Selling is basically the same thing, in reverse.

Transactions between private investors are the same thing, usually over a cup of coffee or something.

Doing the math, he posted this video on the 2nd of November 2018, and the price of silver that day was about 14.50$us/oz.  He paid 500$us cash for 42$us face, so he was paying 11.90$us per 1$us face.  Each 1$us face is approximately .715 troy ounces, so he purchased about 30 troy ounces of silver, so he paid about 16.67$us/oz.  Given the 14.50$us per ounce spot price, he paid a premium of about 2.17$us/oz over spot, or about 13% of his final price in premium.  That's a pretty average price given he was able to just sort through all of the available coins and choose whatever he wanted from among them, but something closer to 5-10% premium is of course better.

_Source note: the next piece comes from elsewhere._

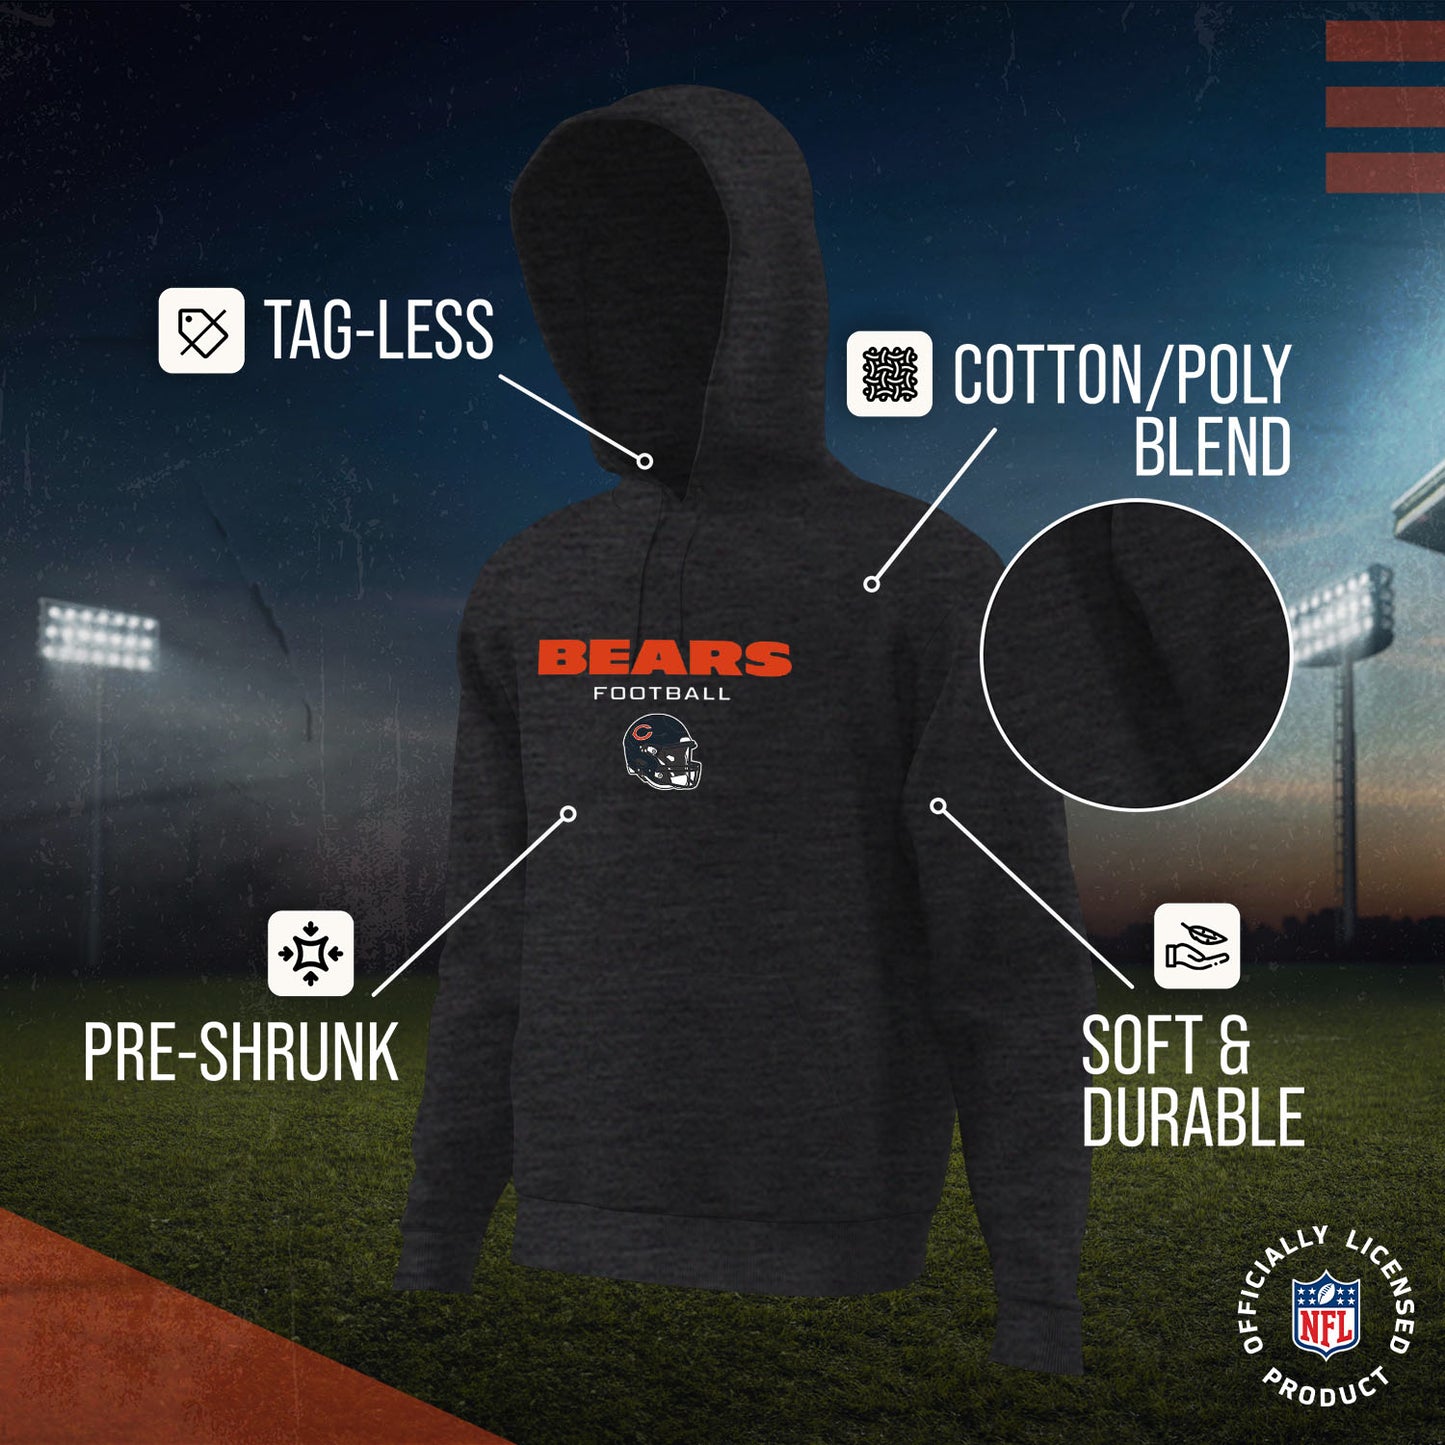 Chicago Bears Adult NFL Football Helmet Heather Hooded Sweatshirt  - Charcoal
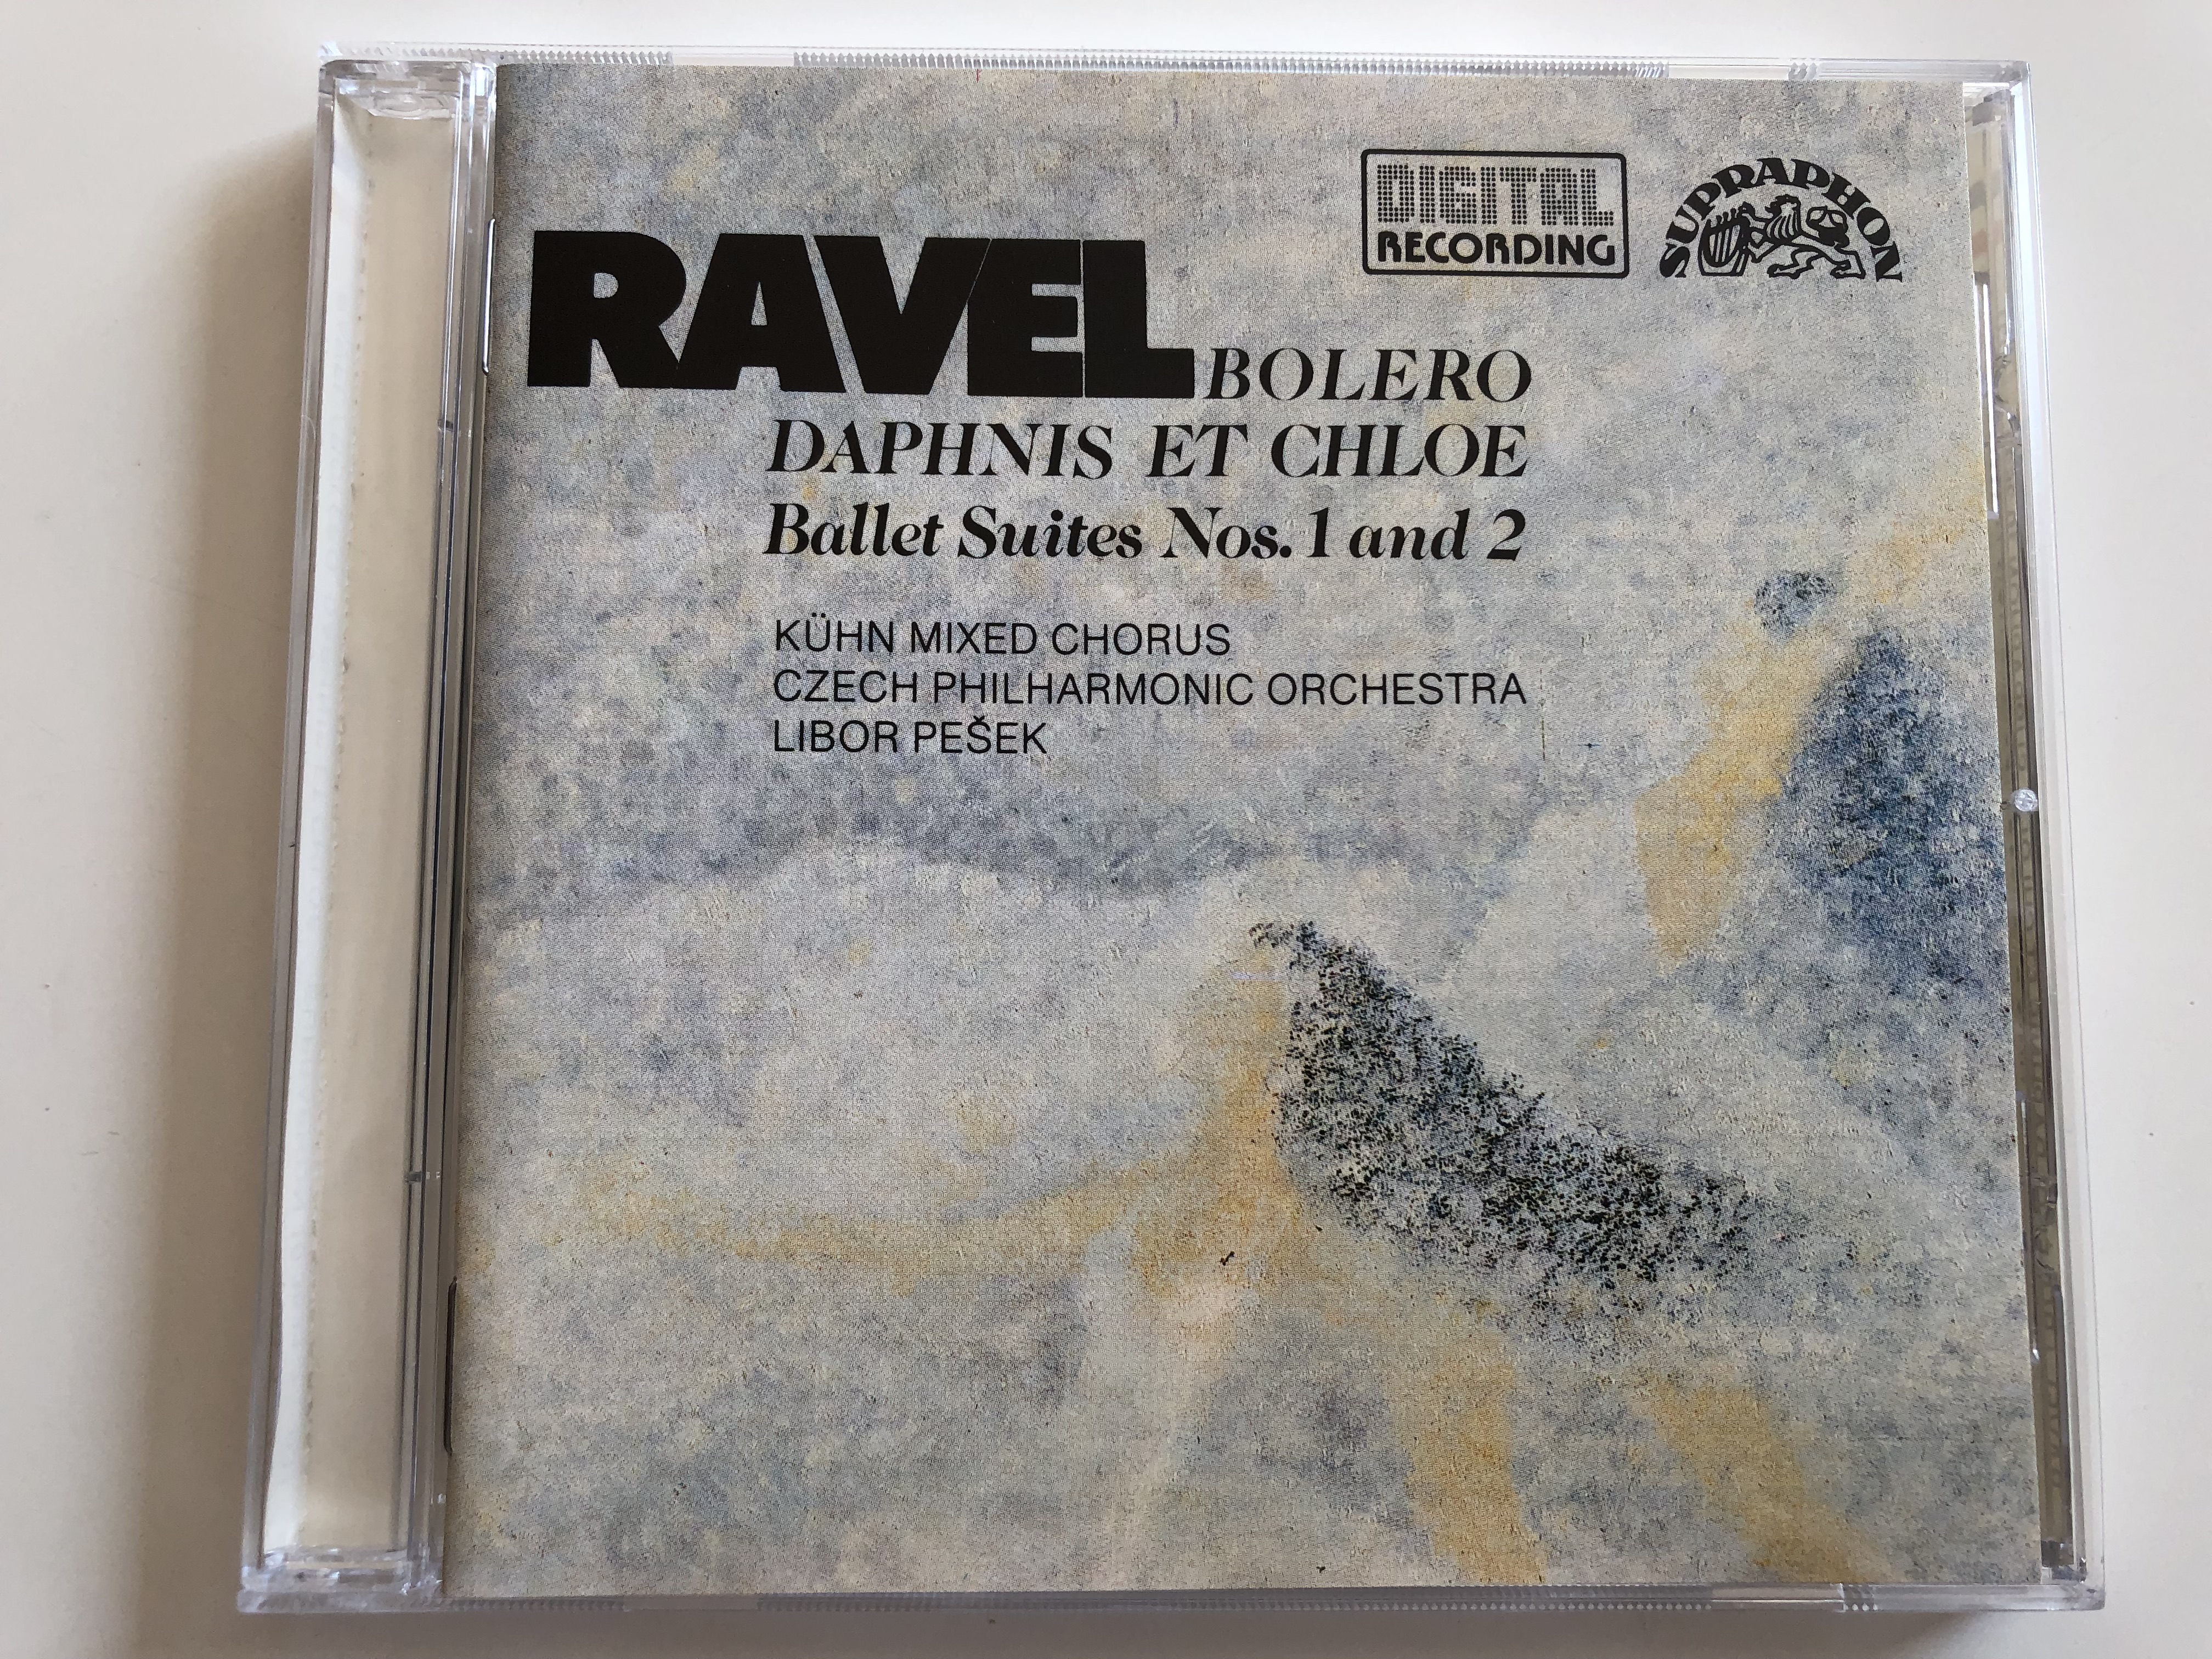 ravel-bolero-daphnis-et-chloe-ballet-suites-nos.-1-and-2-k-hn-mixed-chorus-czech-philharmonic-orchestra-libor-pe-ek-supraphon-audio-cd-10-3633-2-1-.jpg

Compare that to, say, an online dealer for bars, I'll chose silver.com for the hell of it, they're selling generic 10oz silver bars for 150.80$us/bar, plus 5.95$us shipping, total 163.03$us for 10oz of silver.  Divide that out, that's 16.30$us/oz, so buying a 10oz bar from silver.com online is a slightly cheaper price than the junk silver that was purchased in the video above ... but there's the tradeoff of just having a 10oz bar instead of a bunch of smaller denomination coins, etc.  Here the premium is about 11% of the final price.

Now to compare all of that to what might be considered a popular "collectible" bullion coin, in this case let's say a 2oz Queen's Beast Bull in silver from JM Bullion for 34.44$us paid with credit card 37.96$us, plus 3.99$us in shipping, for a total of 41.95$us/coin.  Divide that out, you're paying 20.98$us/oz, or 6.48$us per ounce in premium, so the premium is approximately 31% of the coin's price.  Expensive.  You pay for that collector value.

On the other side of that, liquidating junk silver, I'll choose at random coingallery.com, they say they have a graduated purchasing schedule depending on how much junk you are selling, but let's pretend you're selling 100$us face value, they are paying 9.60$us per 1$us face.  At 0.715oz per 1$us/face, they're paying about 13.40$us/oz, a little over 1$us BELOW spot.  That's pricey, anyone selling silver in any form should get at least spot price for it unless they are super desperate ... but in general that's how bullion dealers make their money, by maintaining a spread, buying at spot, selling at a premium.  It's really no different than if you went to a forex desk and wanted to buy or sell foreign currency, they make money on the spread in the same way.